> **What to produce**: Among the entries below, only the lines from the one with "Piano Chord Helper" through the one with "Maria Bakalova nude" are to be retyped, exactly and without pictures.

> **Records for this task**:

──────────

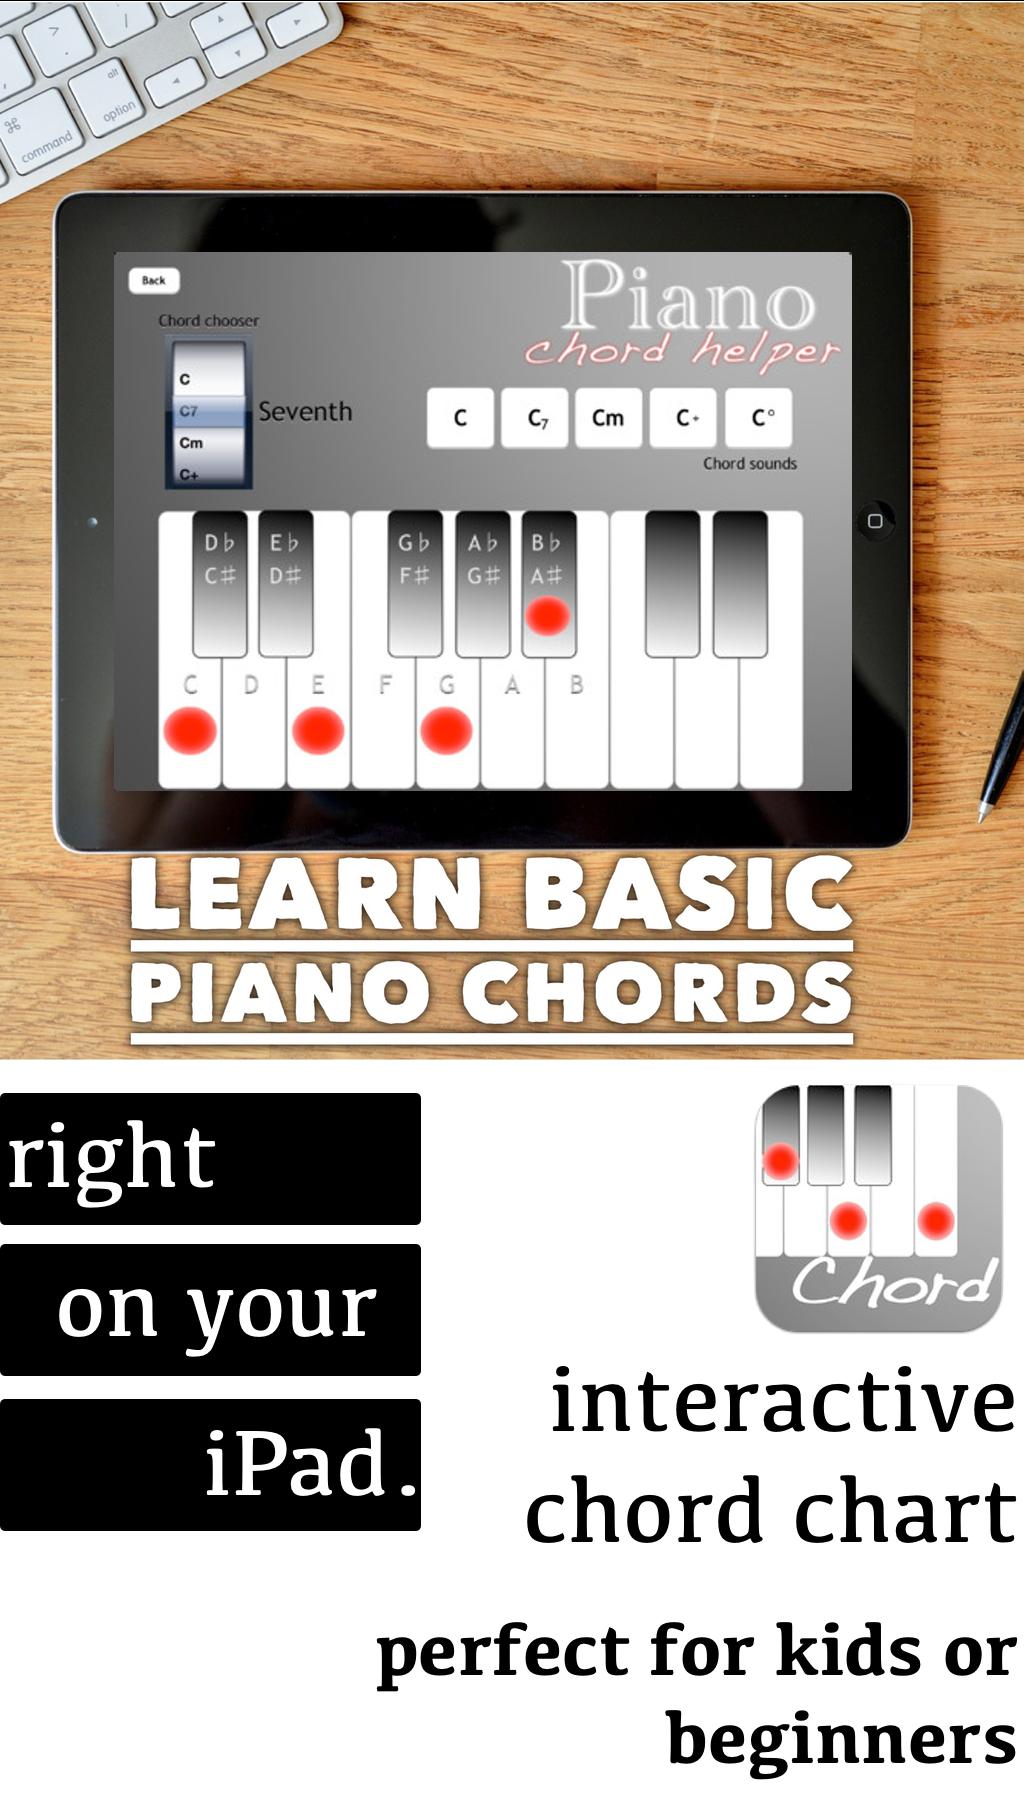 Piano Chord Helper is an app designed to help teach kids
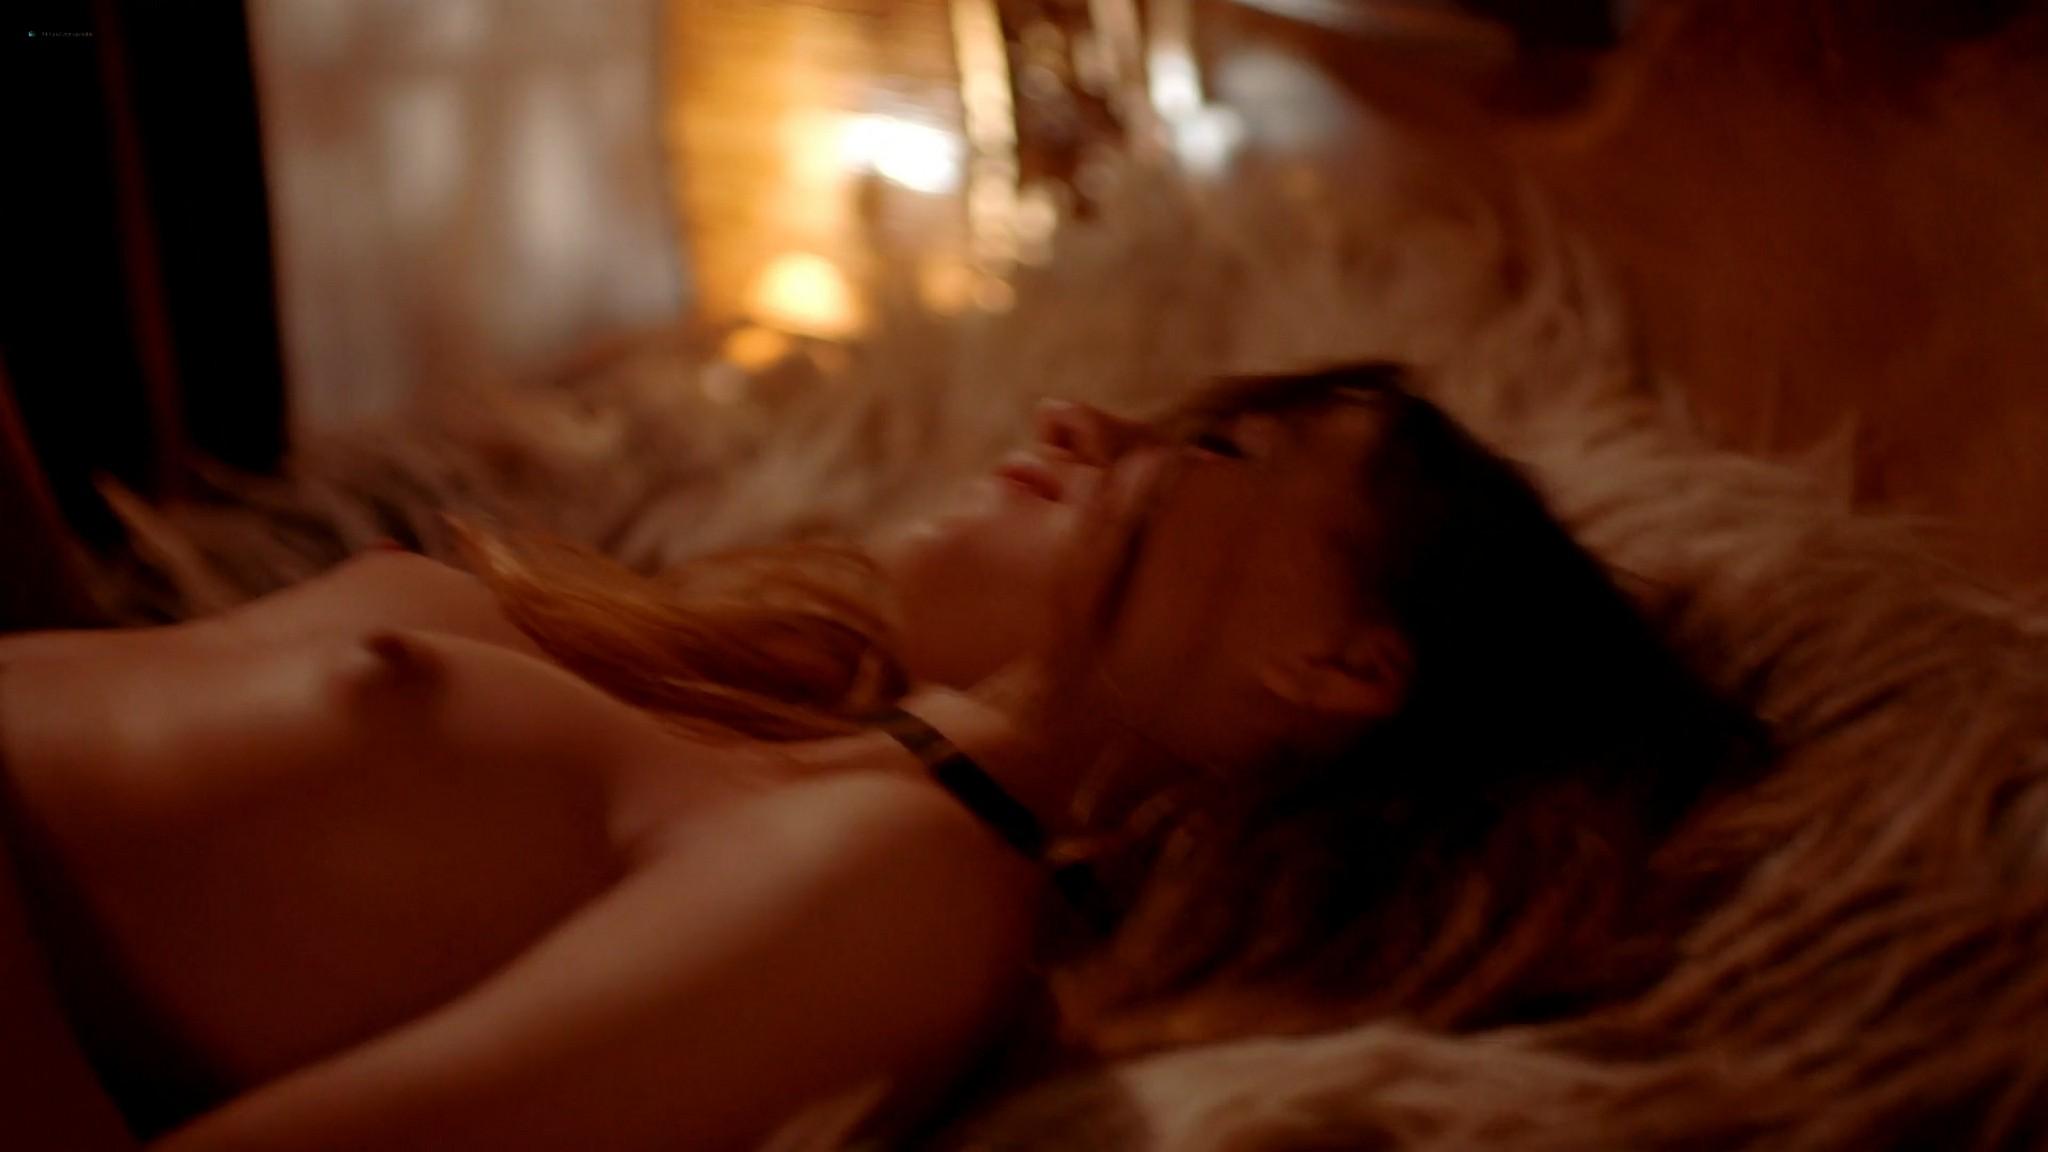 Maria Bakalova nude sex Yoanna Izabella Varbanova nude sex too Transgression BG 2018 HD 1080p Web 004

──────────

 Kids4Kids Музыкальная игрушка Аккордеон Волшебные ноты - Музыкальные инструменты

──────────

> **Reply**:
 Piano Chord Helper is an app designed to help teach kids
 Maria Bakalova nude sex Yoanna Izabella Varbanova nude sex too Transgression BG 2018 HD 1080p Web 004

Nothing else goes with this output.